I continue to hear the question "what is cloud" being asked by people who are pretty well versed in IT. I am talking about people who are working in various levels of IT today and have been for years. I also hear many professionals (vendors, analysts, press, experts, bloggers, etc) who have been involved and following the cloud cycle lamenting that every article, presentation, paper and blog has to define cloud, that all the definitions of cloud are different, and these professionals are tired of the definitions. "We've done this already. Let's move past it!" they collectively cry and either point to their own cloud definition or to NIST's.  Ironic or what? The answers to what cloud is and how it is implemented is every bit important and relevant today as it was three years ago.

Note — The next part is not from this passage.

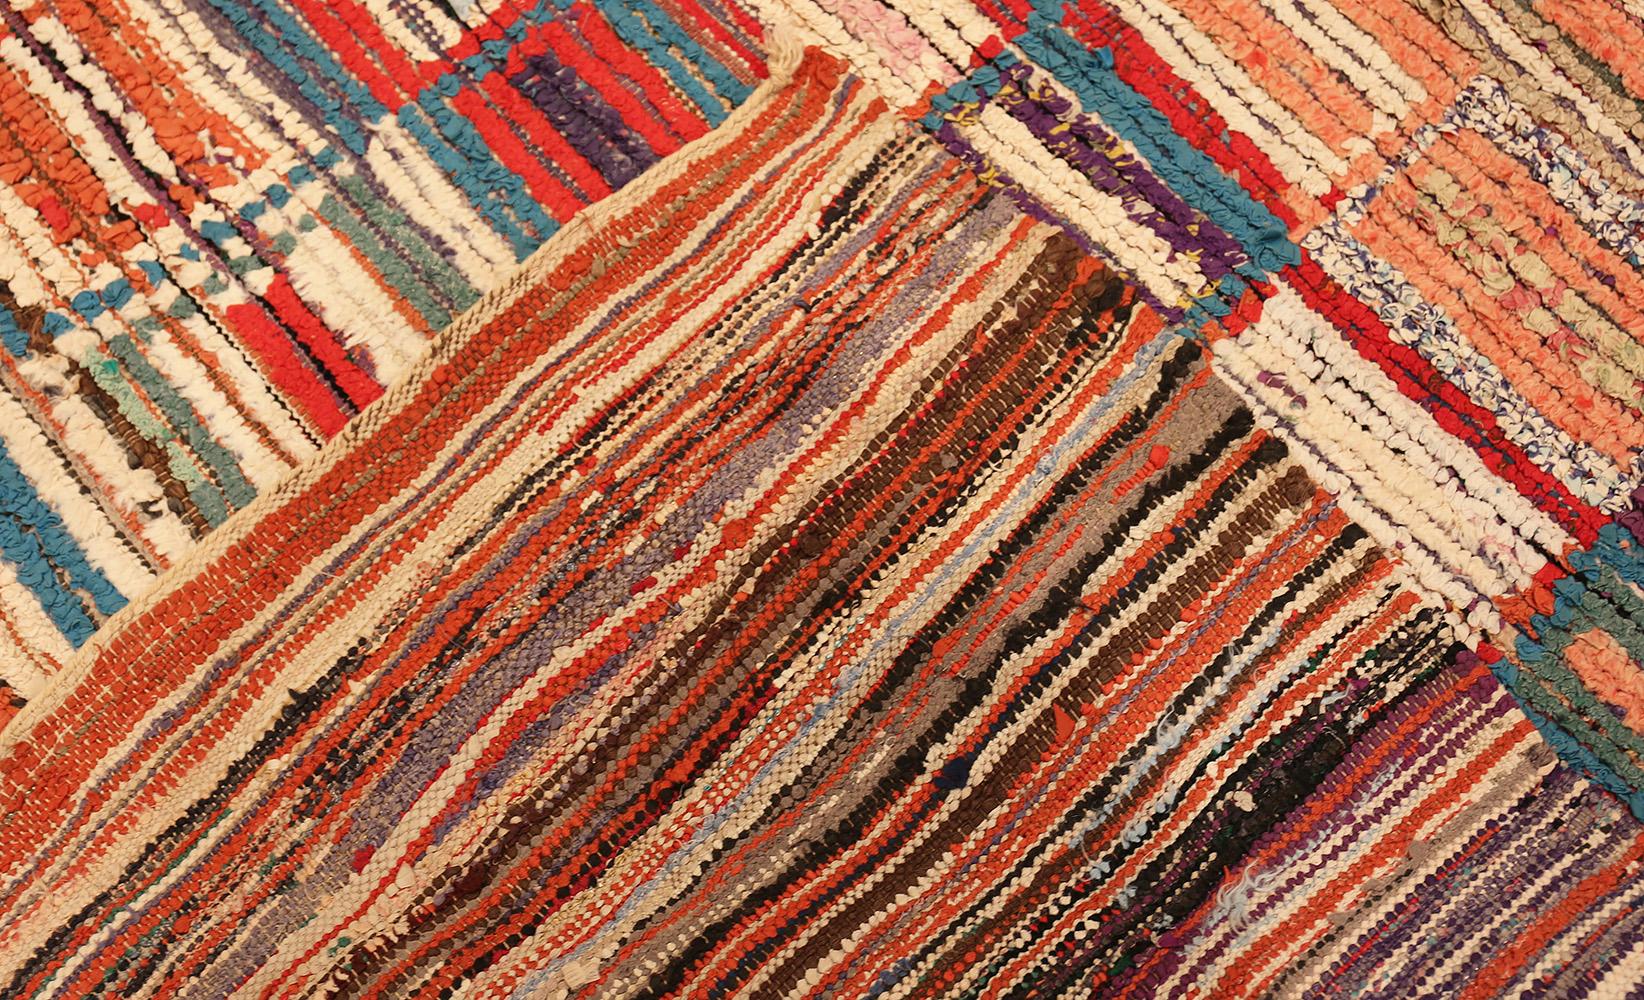 20th Century Vintage Mid-Century Moroccan Rag Rug. Size: 3 ft 10 in x 8 ft 8 in

Scott Stewart wrote a short blog, "There is no real definition for Cloud Computing," where he says many of the things that I have thought for a long time about how and why the definition of cloud computing is cloudy at best. That blog is an extract of a longer thought piece he is writing, but he wraps up with this: "Sadly they may be missing the real point that this cloud computing disruption is not actually about a technology, it is not about a product, it is not a service offering, it is not something that we have always done, it is not even about a deployment model, rather it is really more about a transformation, a paradigm shift and a change in attitude and behavior that is occurring under their very noses."

That's some pretty lofty transformation he's arguing and that shift may well be going on. If it is, I think the transformation is a side effect stemming from how IT delivers services to the organization via cloud regardless of the definition of "cloud" or where it is located. The other side effect is how organizations' expectations of IT are changing.

Still, cloud is most definitely about technology, service models, and deployment models. Maybe my view is narrow because technology, services and deployment are the things I think about. Certainly, the transformation in the data center is shifting from a model of siloed applications and services that are essentially custom-sourced to a generalized model of standardized OSes, networking, storage and configurations defined by runbooks, which are automated in a manner that reduces provisioning time and increases reliability and robustness. This is happening and will continue to happen.

But for it to be transformational, IT needs to buy stuff. When I hear statements like "cloud moves cost from capital to operational," "cloud delivers services without capital cost," "IT won't buy servers any more," "internal cloud computing for enterprises isn't cost effective," and similar statements, I just shake my head in disbelief. In order to deliver these transformational shifts, IT has to spend capital budget.